2003年12月1日

プレスリリース

勝利宣言
岩手県が開発していた遺伝子組み換えイネの開発中止を勝ち取る

2003年11月28日、岩手県盛岡市にて、450名を越す参加者の下、「遺伝子組み換え作物いらない全国集会in岩手」が開催された。この日までに全国から集まった407,212筆の署名が、集会会場の壇上に積み上げられた。集会参加者は冬の盛岡市内をデモした後、岩手県庁へと向かい、署名は岩手県農林水産部に運び込まれた。

署名提出の際に、佐々木正勝・県農林水産部長は、今年野外実験を行った遺伝子組み換えイネの実験を、当初の2年計画の予定を短縮して、今年1年で中止することを明言した。

さらに、今後一切遺伝子組み換え稲等の野外実験を行わないことも明言した。愛知県でモンサント社の稲を止めたのにつづく、日本の市民の勝利である。
私たちが、愛知県とモンサント社が共同開発した遺伝子組み換イネの開発を中止に追い込んだ結果、日本の民間企業はことごとく遺伝子組み換え稲開発から撤退した。

にもかかわらず、旧農水省(現在は独立行政法人になった)の研究所と(財)岩手県生物工学研究センターは、遺伝子組み換えイネの積極開発の姿勢を崩してこなかった。

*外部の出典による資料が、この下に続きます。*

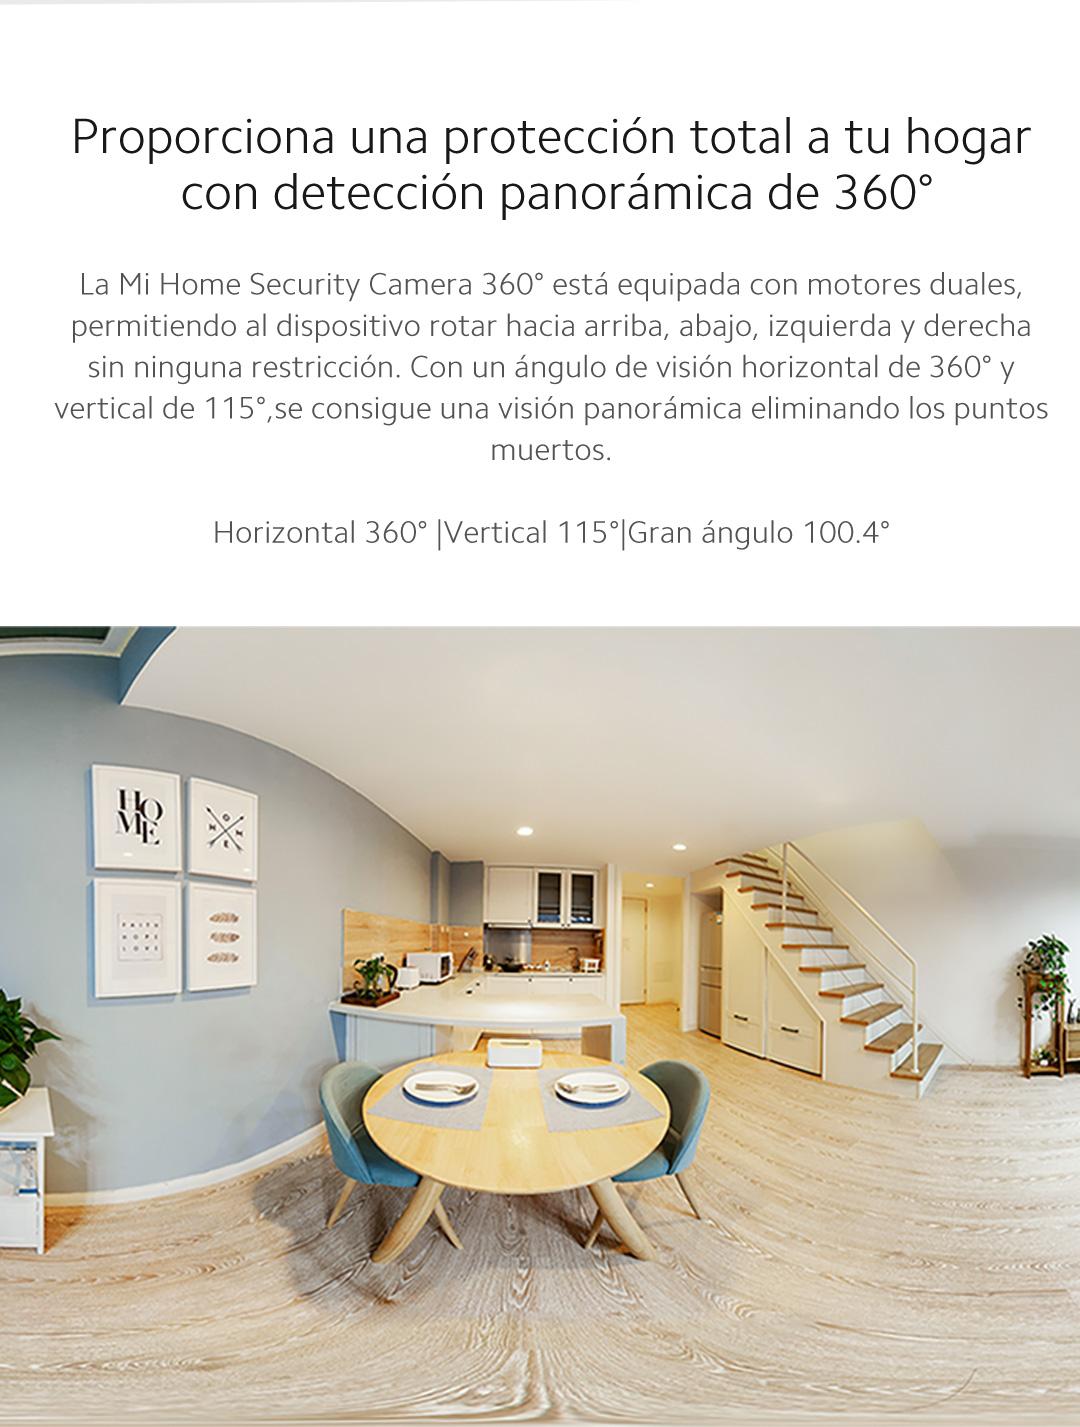 /xiaomi-mi-home-security-camera-360-1080p

その岩手県での開発に歯止めをかけるのに成功した。

 現在農林水産省は、生物多様性条約カルタヘナ議定書の国内法が、来年2月に施行されるのに合わせて、旧農林水産省の研究所で行われる野外実験に関して、規制を強化する方向で検討中である。これに対しても強く影響することになった。

 もはや、日本での遺伝子組み換えイネの開発は困難になった。遺伝子組み換え食品の開発も同様である。日本の市民が、「遺伝子組み換え食品はいらない、食べない、つくらせない」といって、取り組んできた成果が大きく実を結びつつあるといえる。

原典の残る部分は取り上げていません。